═══ DATA ═══

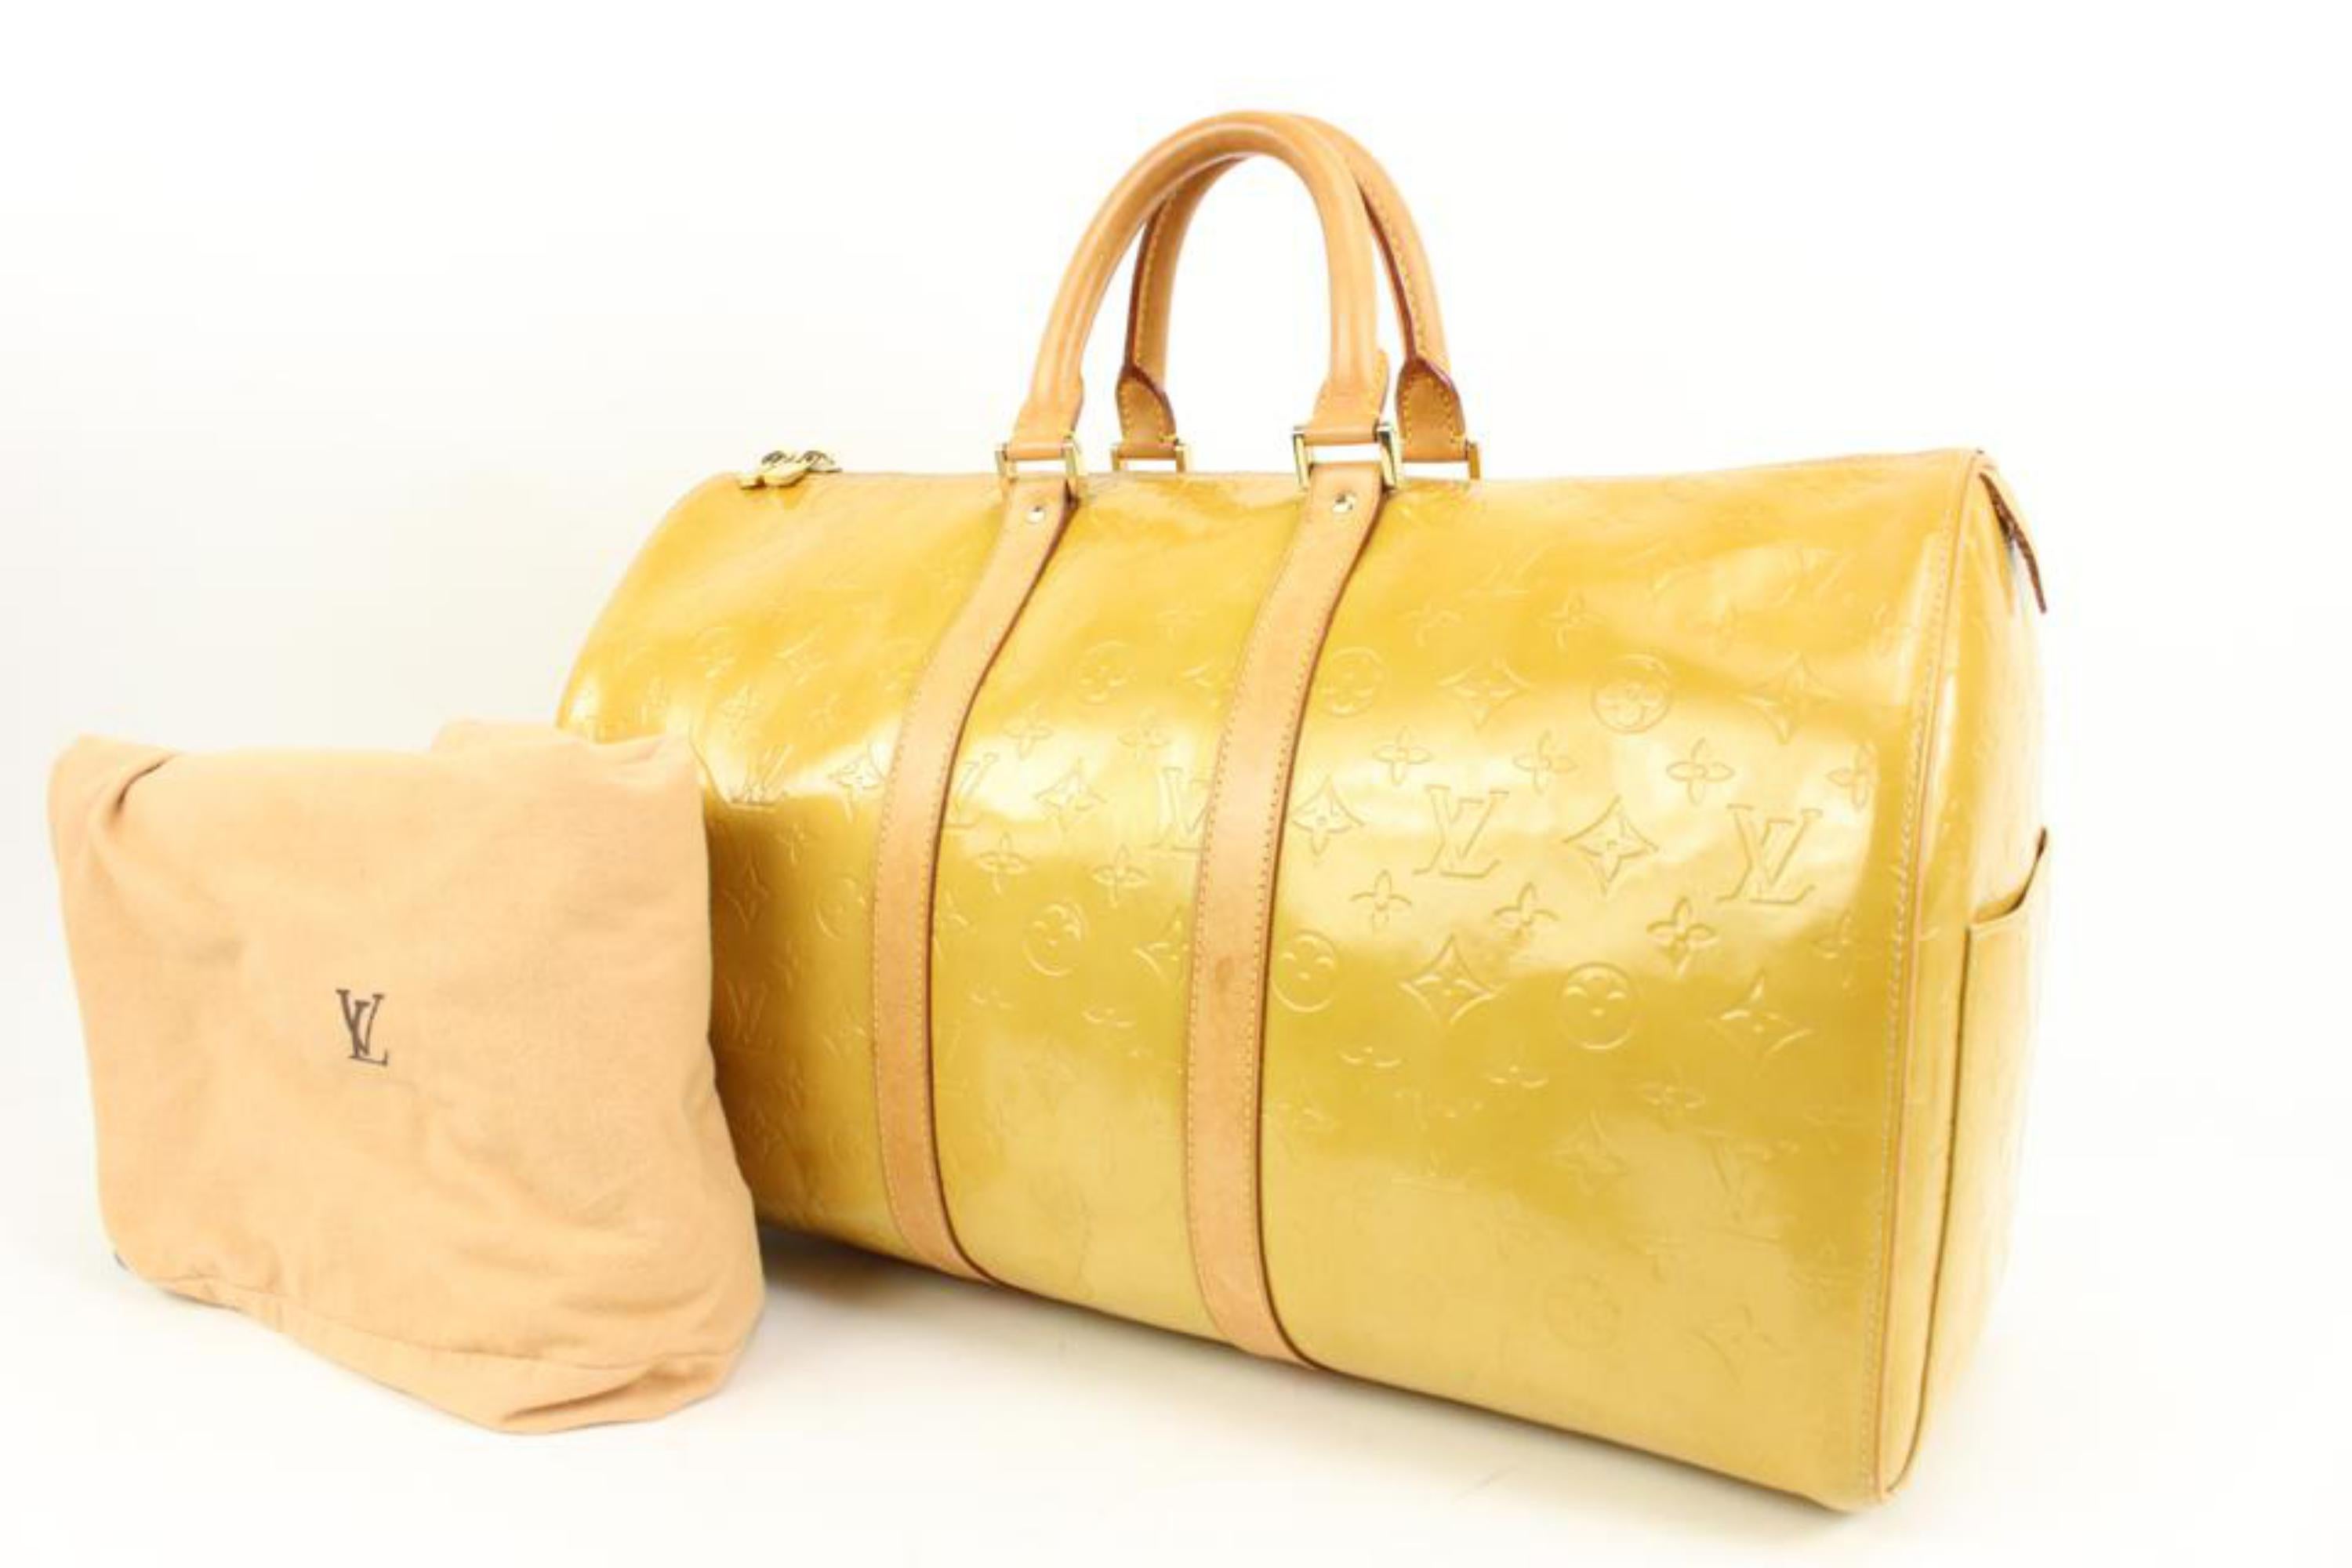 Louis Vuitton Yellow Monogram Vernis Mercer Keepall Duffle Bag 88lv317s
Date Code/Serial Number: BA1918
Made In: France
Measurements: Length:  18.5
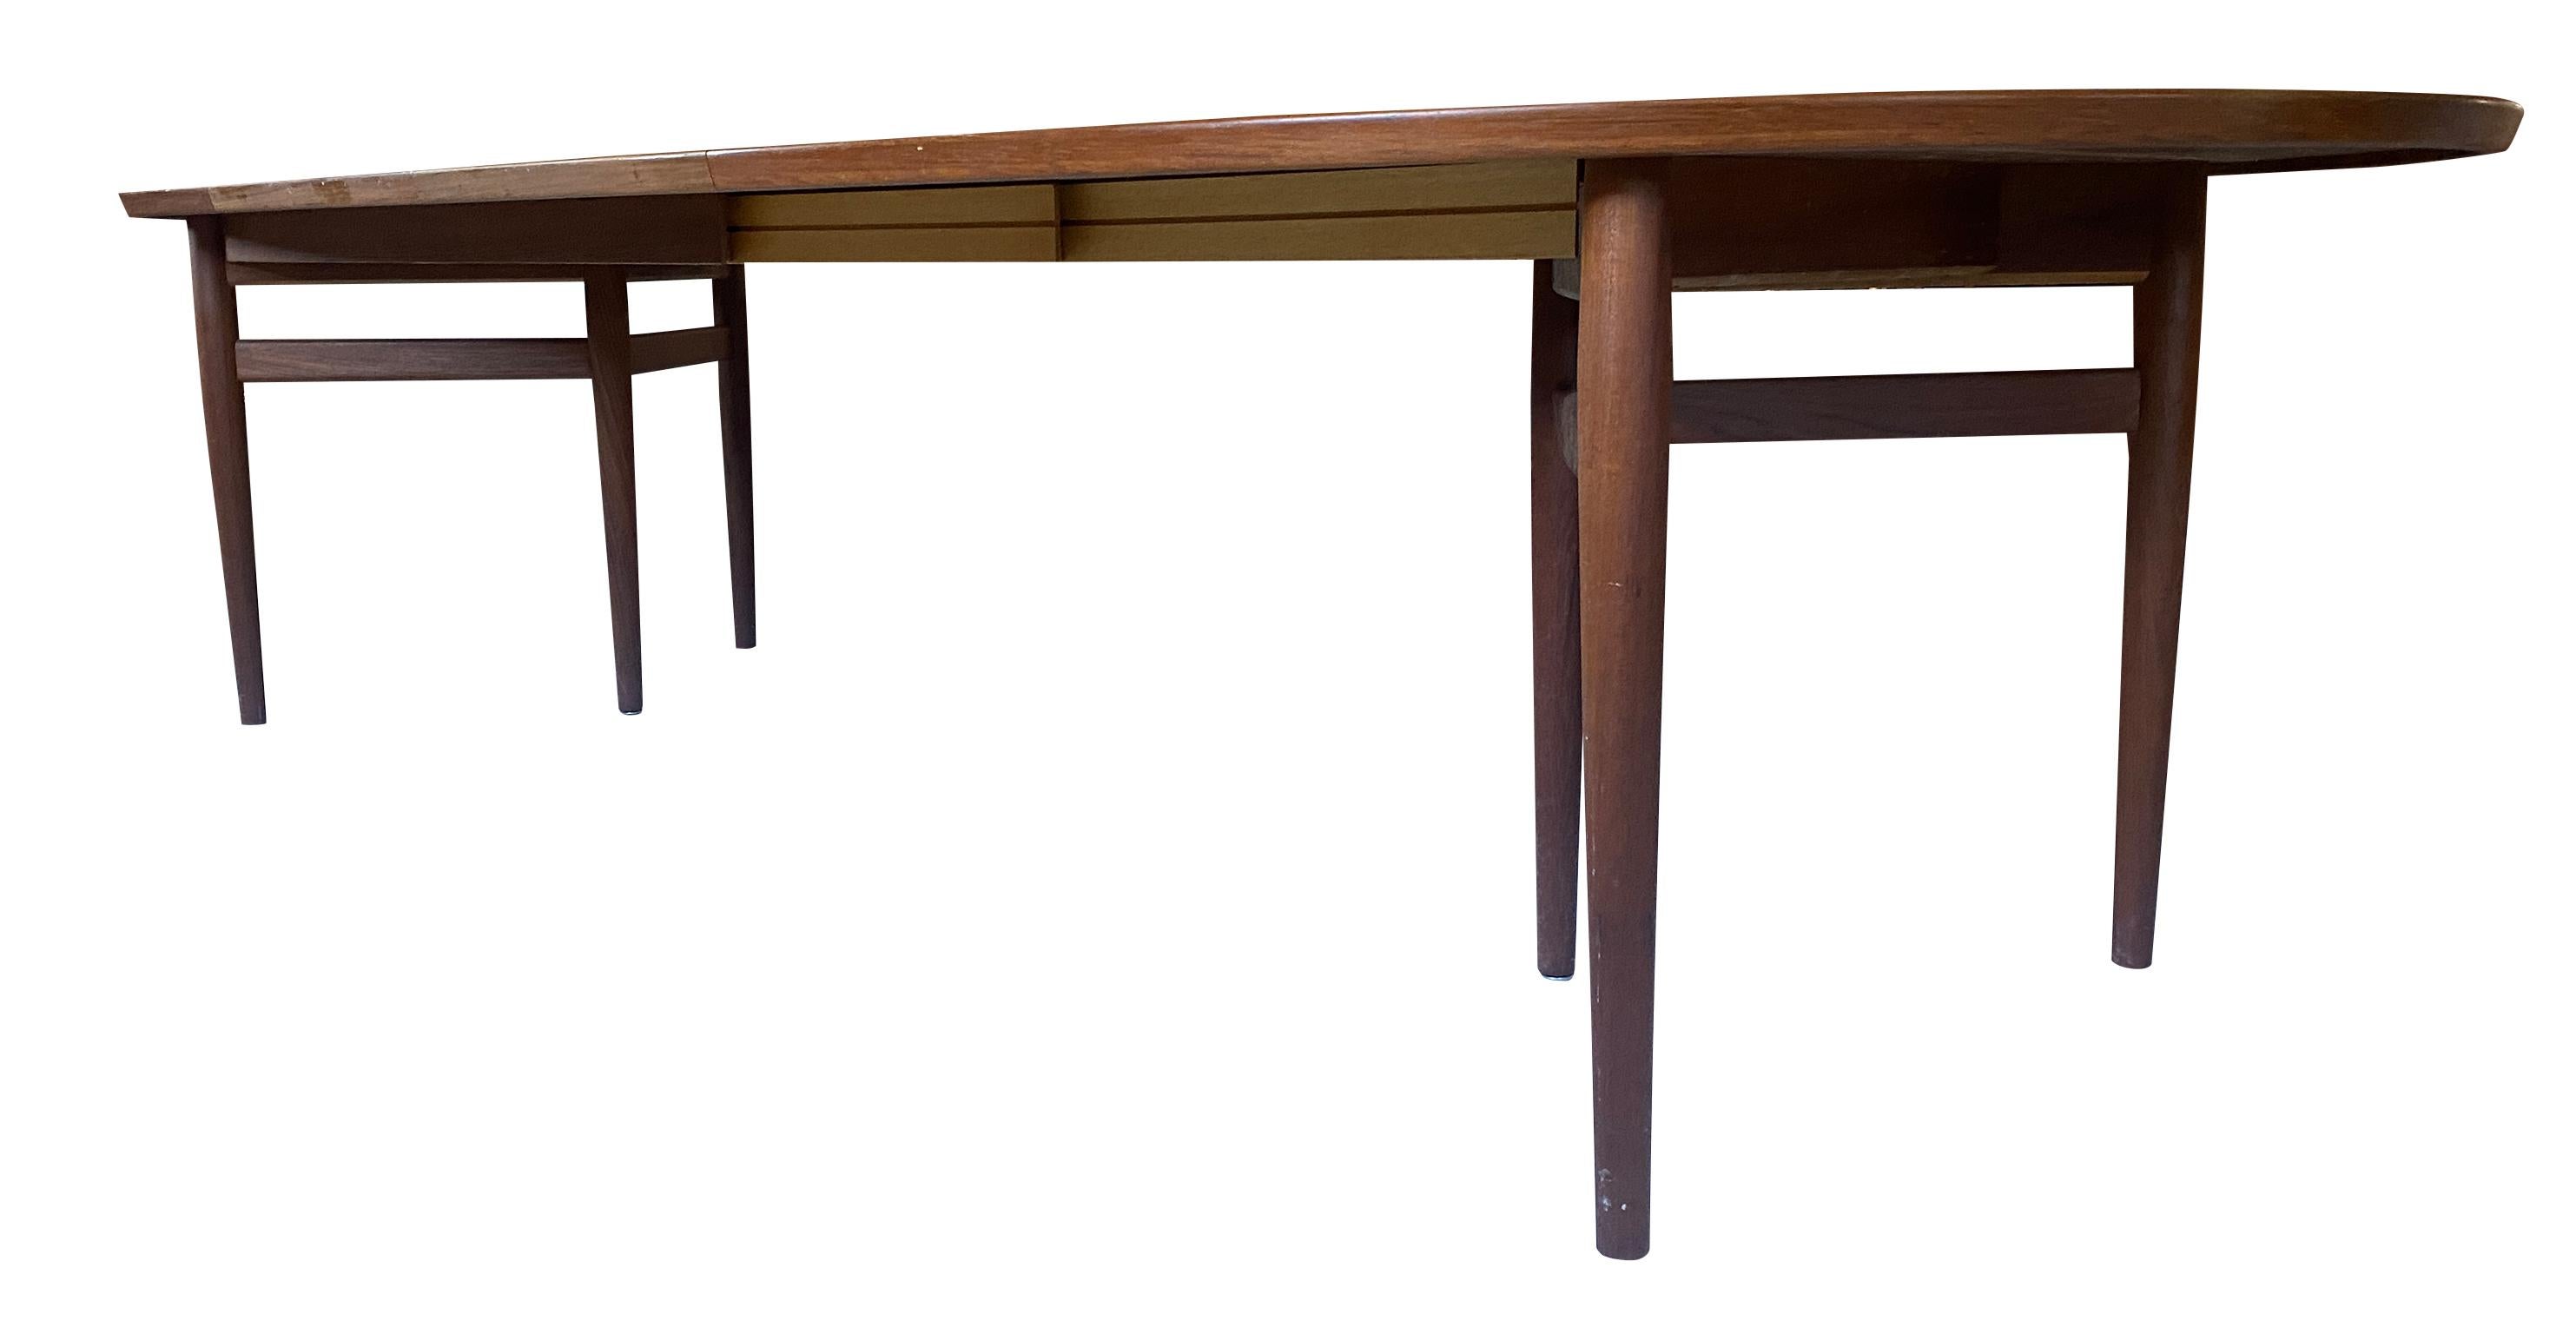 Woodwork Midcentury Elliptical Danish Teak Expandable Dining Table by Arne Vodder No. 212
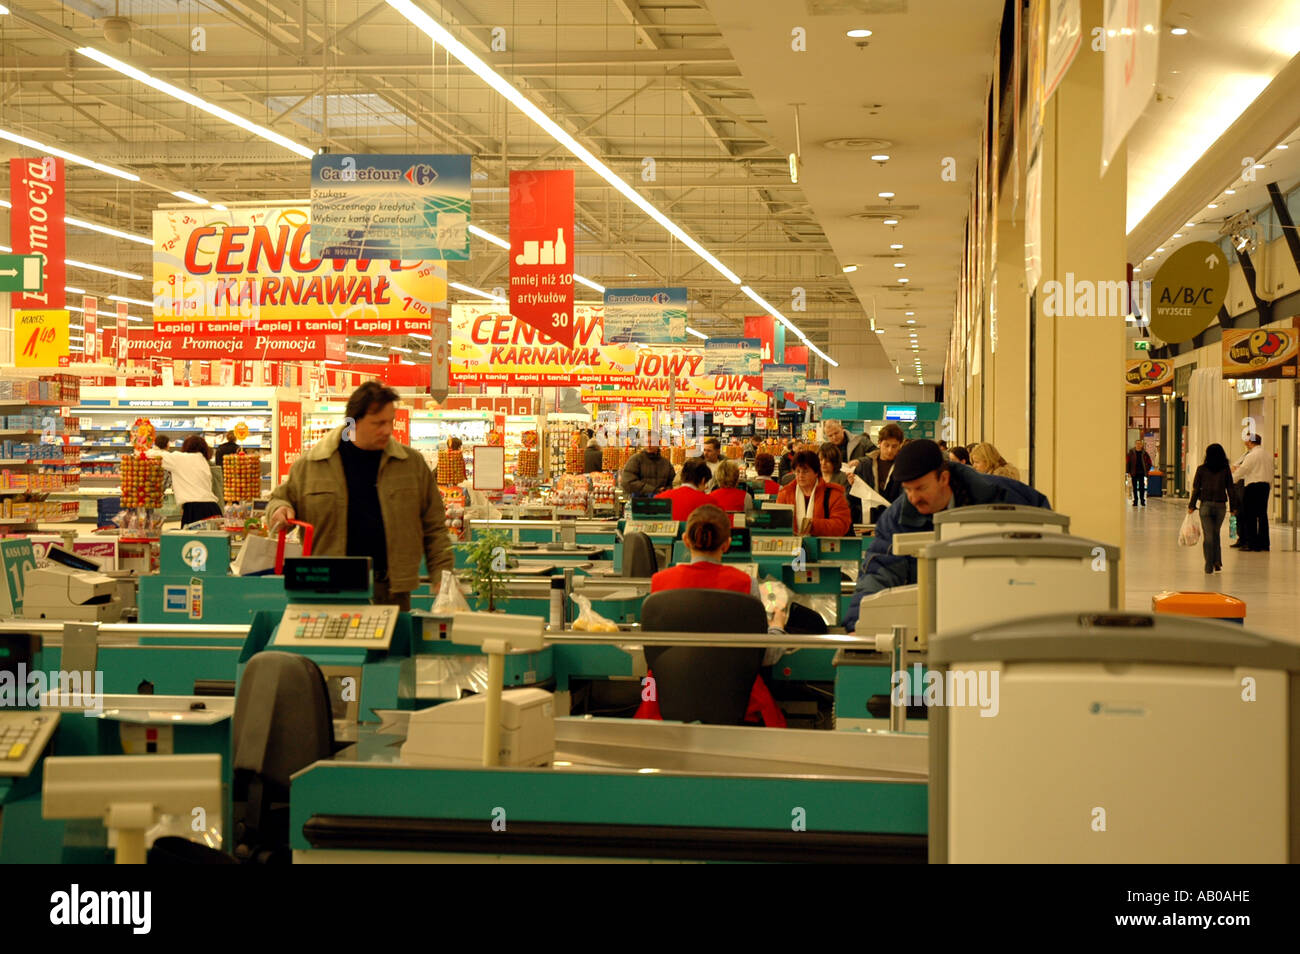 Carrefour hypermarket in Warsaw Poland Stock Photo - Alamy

═══

▶ PROBLEM
Your answer must be an exact copy of the lines from the line with "Made In: France" to the final line of the data, both ends included, and no pictures.

▶ SOLUTION
Made In: France
Measurements: Length:  18.5
 Woodwork Midcentury Elliptical Danish Teak Expandable Dining Table by Arne Vodder No. 212
 Carrefour hypermarket in Warsaw Poland Stock Photo - Alamy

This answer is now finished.